Этот вопрос вывел меня из дремоты, в которую я все больше погружался, и, усиленно моргая, я уставился на маму, а она медлила с ответом — очевидно, другие заботы не дали ей возможности обдумать это раньше.

— Он слишком большой, чтобы спать с тобой, Кейт… А у тебя чересчур узкая постель, Мэрдок… да к тому же ты часто засиживаешься допоздна за книгами. А почему бы нам, папа, не положить его в бабушкиной комнате? На время, конечно, пока ее нет дома.

Но папа отклонил это предложение, отрицательно покачав головой.

— Она платит нам хорошие деньги за свою комнату. Мы не можем вторгаться к ней без ее согласия.
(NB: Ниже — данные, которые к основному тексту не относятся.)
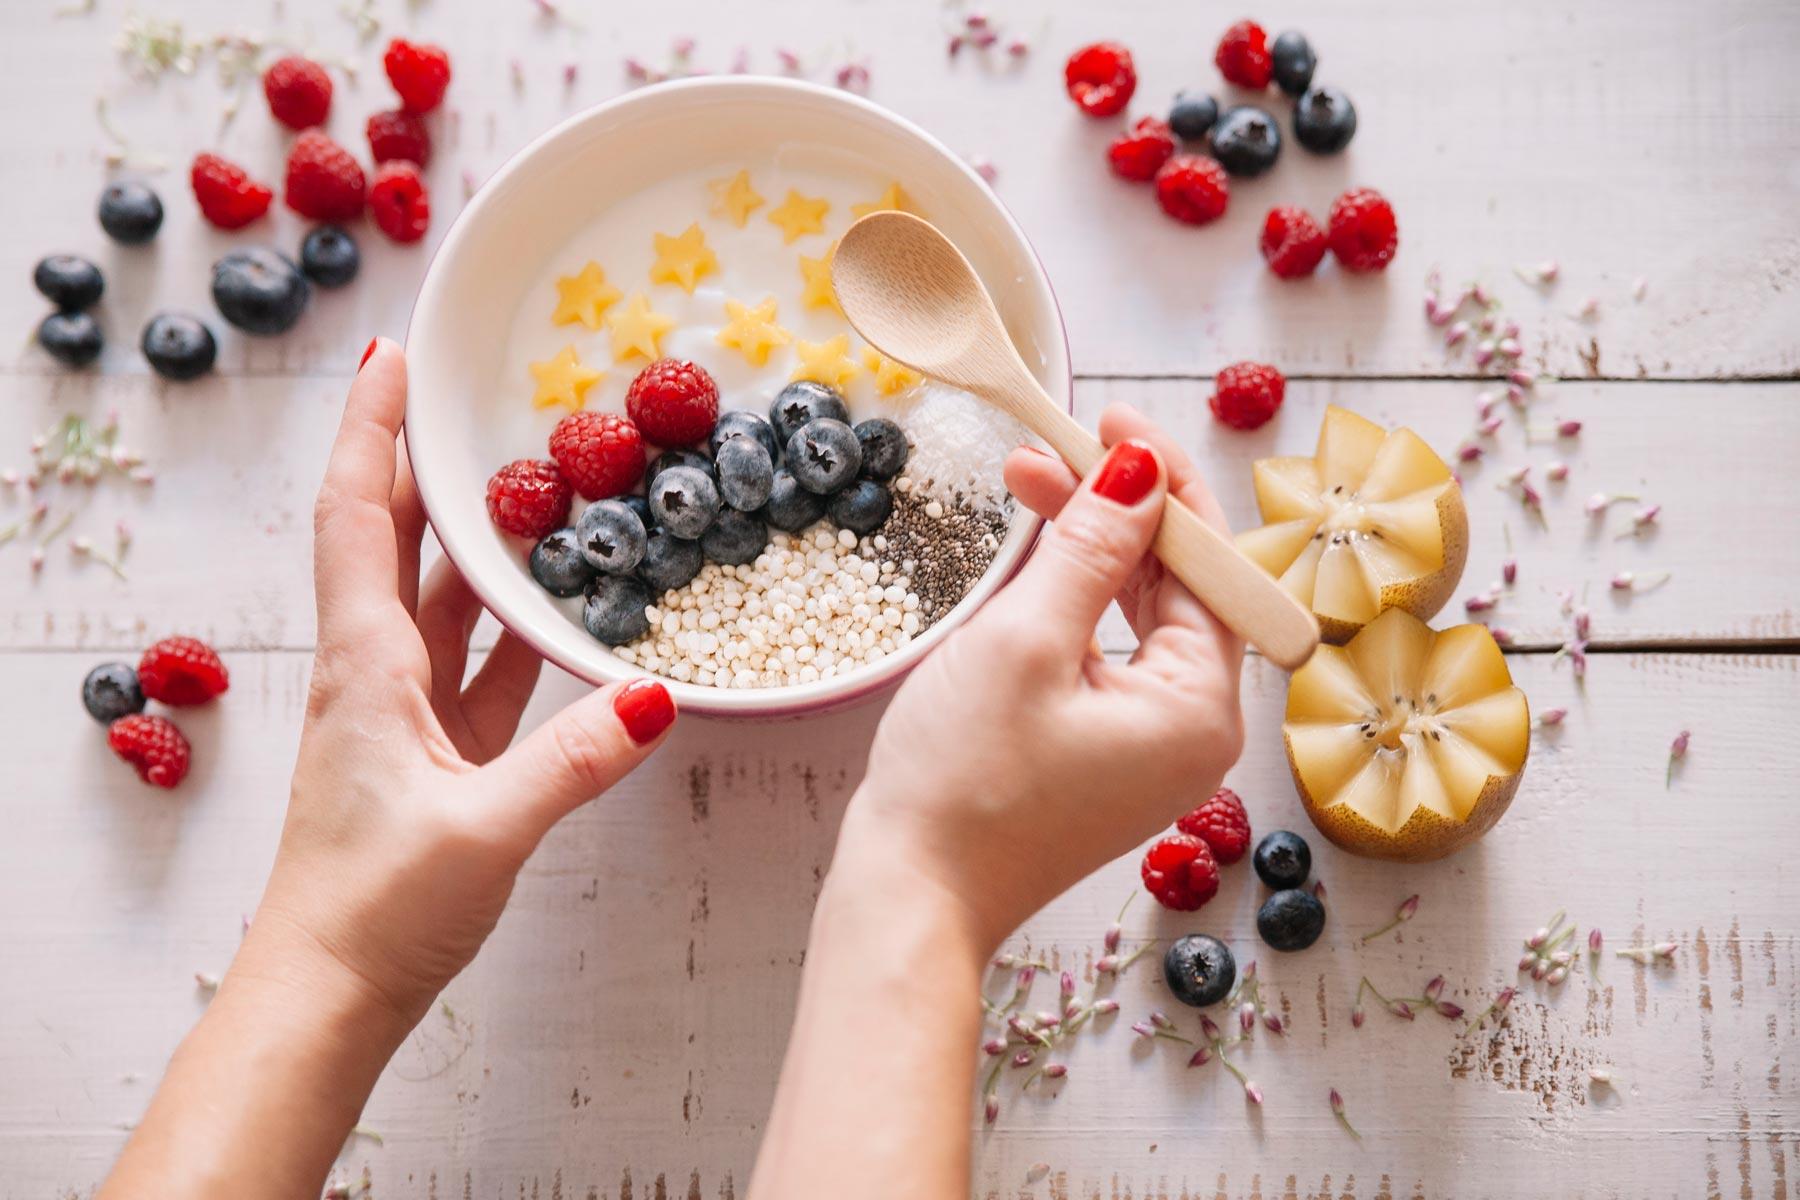 kaiku-sin-lactosa-como-hacer-buenas-foodies

Да и потом она скоро вернется.

До сих пор Мэрдок молча ел, флегматично пережевывая пищу, он низко пригибался и внимательно, точно сыщик, оглядывал каждый кусочек хлеба; время от времени он брал учебник, лежавший рядом с тарелкой, и подносил его к самому лицу, точно хотел понюхать. Сейчас он поднял голову и с деловым видом посмотрел на всех.
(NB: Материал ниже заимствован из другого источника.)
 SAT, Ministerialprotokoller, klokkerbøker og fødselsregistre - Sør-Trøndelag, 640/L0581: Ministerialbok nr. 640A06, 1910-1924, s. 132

— Пусть идет к дедушке. Ничего другого тут не придумаешь.

Папа кивнул в знак согласия, хотя лицо его при упоминании о дедушке омрачилось.

Итак, вопрос был решен. Хоть я наполовину спал, сердце у меня замерло от страха — еще одно звено в цепи моих бед, звено, которому суждено связать меня с этой странной грозной личностью, живущей наверху. Но возражать я побоялся, да и слишком устал — веки у меня так и слипались. Тут Кейт отодвинула свой стул и поднялась.
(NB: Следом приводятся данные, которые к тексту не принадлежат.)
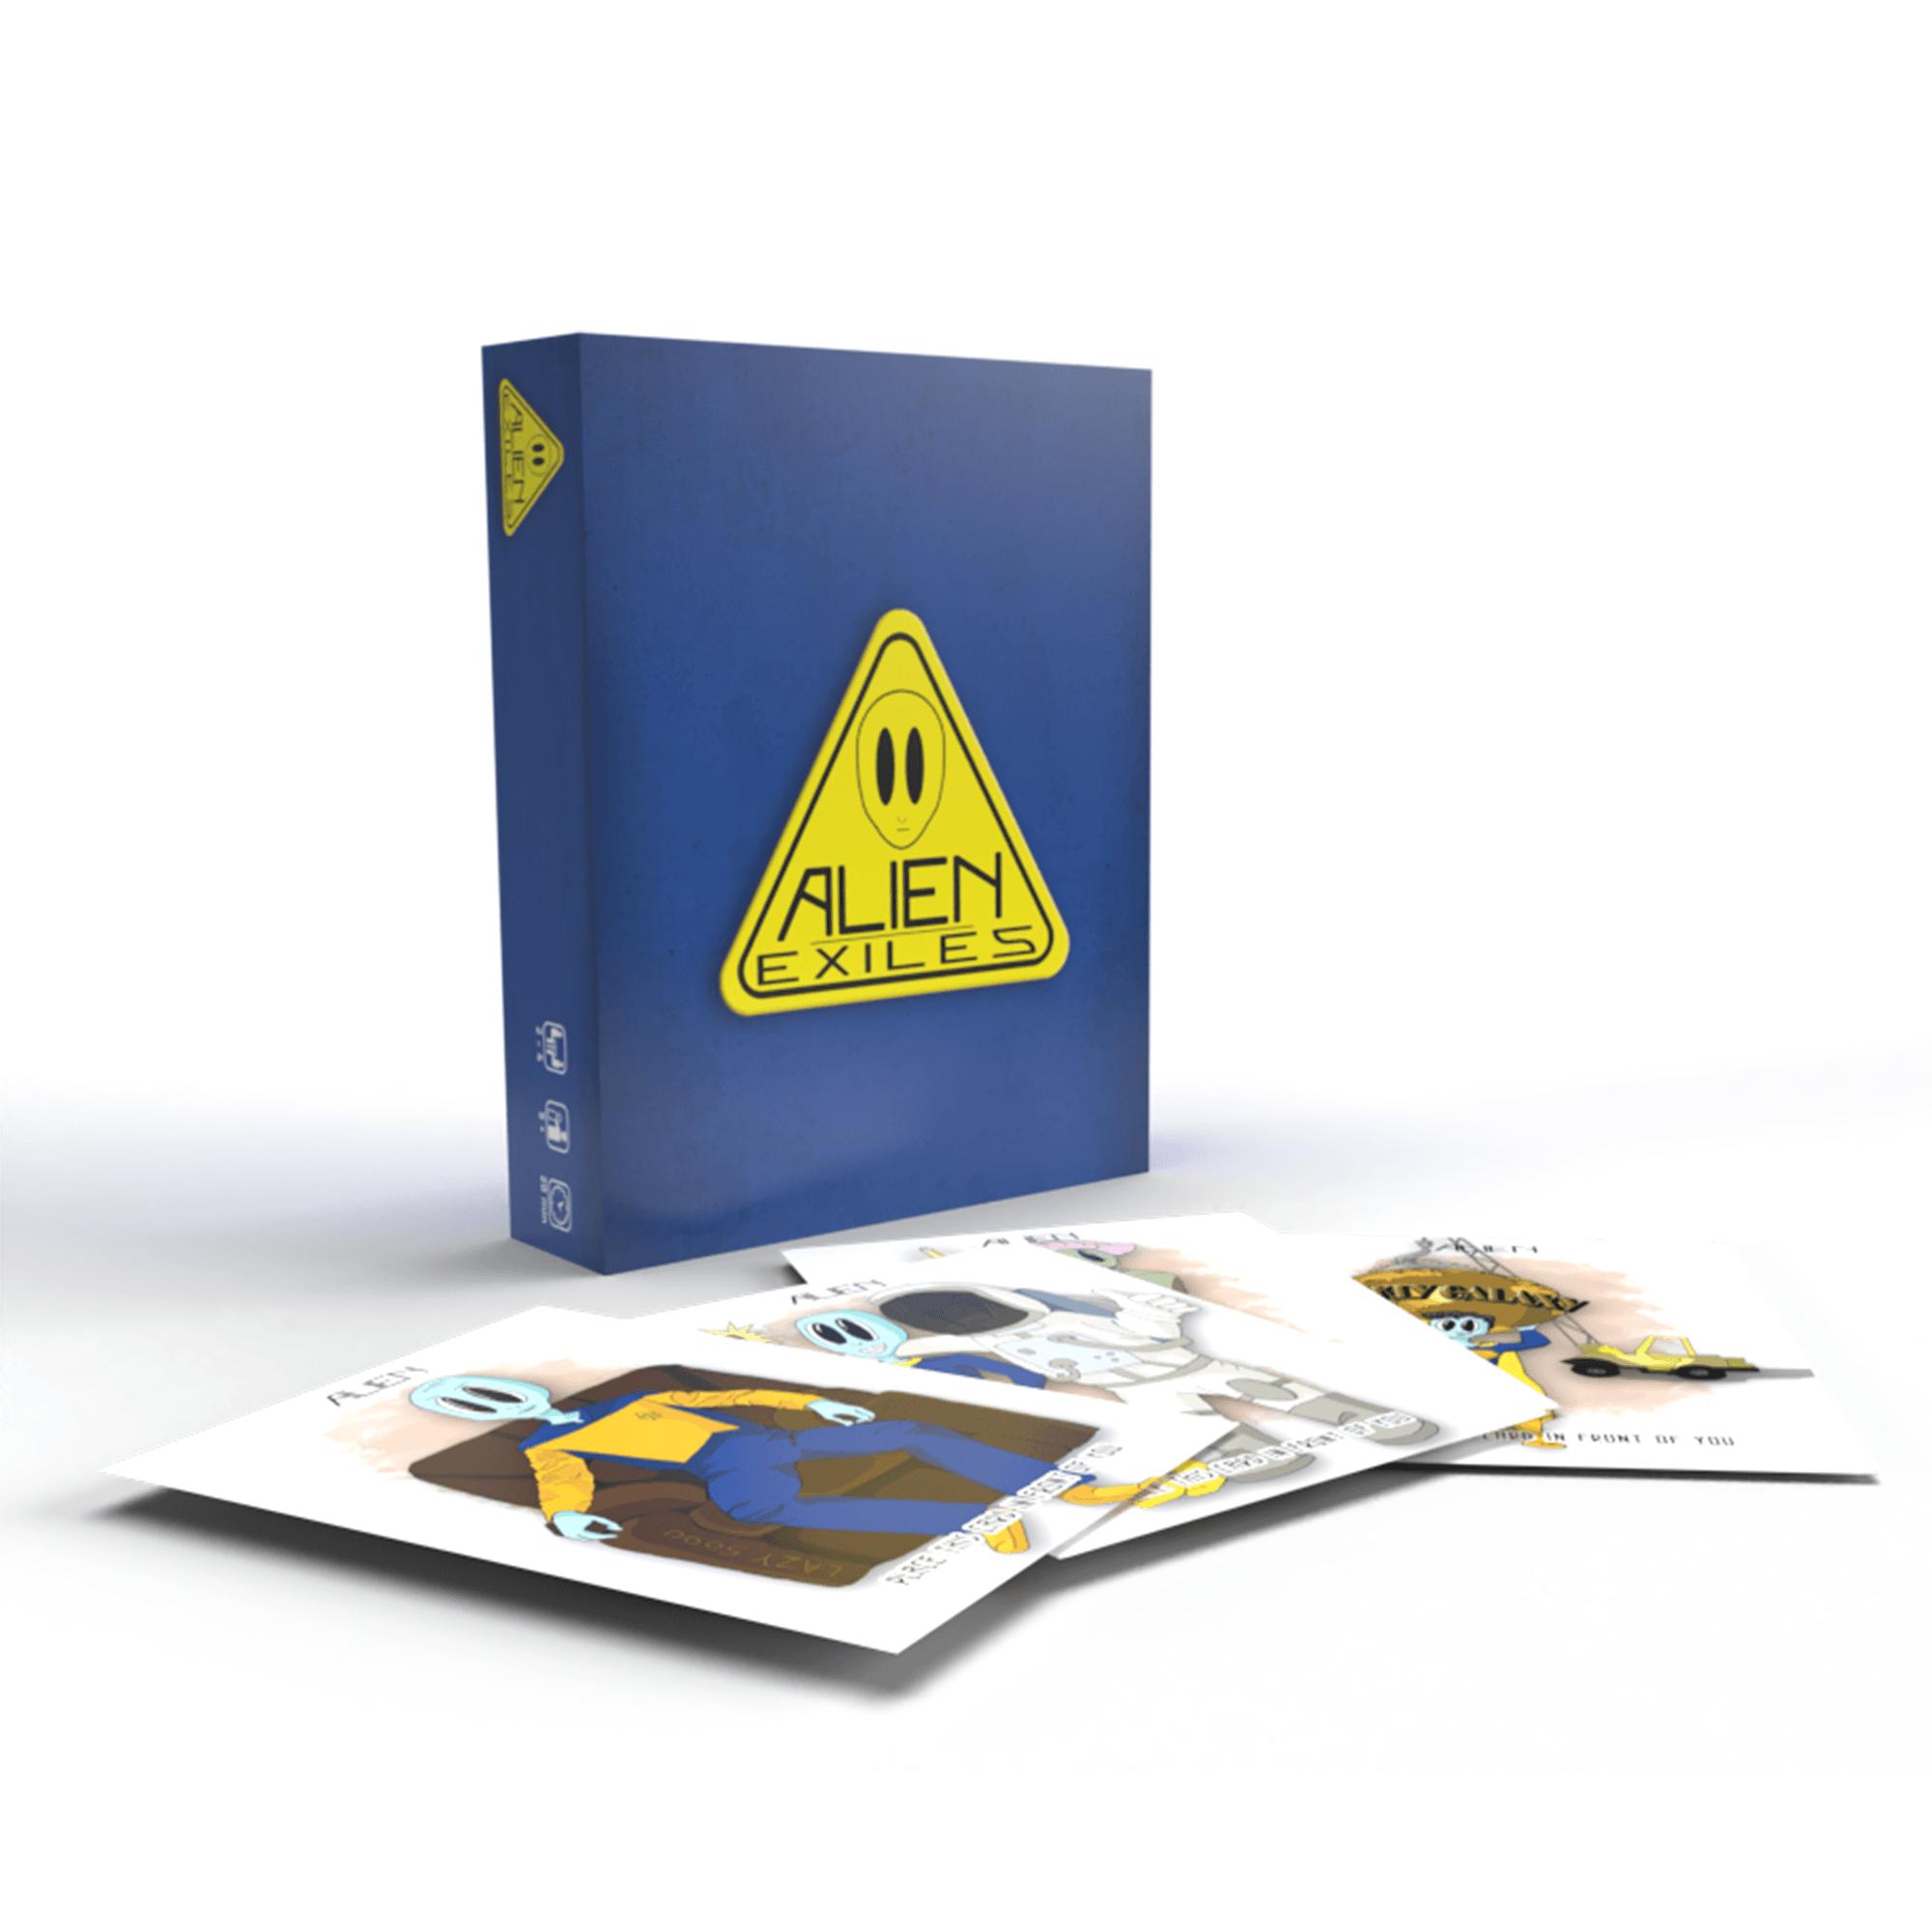 Alien Exiles

— Ну, пойдем, дружок. Мама, у нас есть горячая вода?

— По-моему, есть. Но только оставь и для посуды. Не трать много.

В тесной ванной Кейт помогла мне снять одежду и почему-то покраснела, когда я разделся донага. На самом дне вделанной в пол ванны, до половины желтой и облупившейся, было налито немного теплой воды. Кейт нагнулась и стала мыть меня тряпкой, которую она намыливала большим куском шершавого желтого мыла. Голова у меня так и клонилась на грудь, а веки настолько распухли, что я уже не мог плакать. Я всецело подчинился Кейт: она вытерла меня и помогла мне надеть дневную рубашку. Звякнул крючок на двери ванной. Мы стали подниматься наверх. А там, на площадке, из тумана, где плясали волны, покачивался корабль, ревел паровоз в тоннелях, вдруг выплыл дедушка — он стоял, протянув мне навстречу руки.

Глава 3

С дедушкой не легко было спать: он громко храпел, непрестанно ворочался на свалявшемся тюфяке и прижимал меня к стенке. И все же спал я как убитый, только на заре мне приснился нехороший сон. Я увидел отца в длинной белой ночной рубашке; он дышал зеленым чаем, который кипел в небольшом медном чане с красными резиновыми трубками, — средство, к которому один из его товарищей по службе посоветовал прибегнуть, когда другие лекарства уже не помогали. Время от времени отец прерывал лечение и, задорно блестя карими глазами, смеялся и шутил с моей мамочкой, которая наблюдала за ним, судорожно сжав руки. Потом вошел доктор — пожилой человек с серым, сумрачным лицом. Не успел он войти, как раздался удар грома, в комнату ворвалась большая черная лошадь с развевающимися черными перьями на голове; в горе и ужасе я спрятал лицо в ладони, а мои мама и папа вскочили на лошадь и умчались.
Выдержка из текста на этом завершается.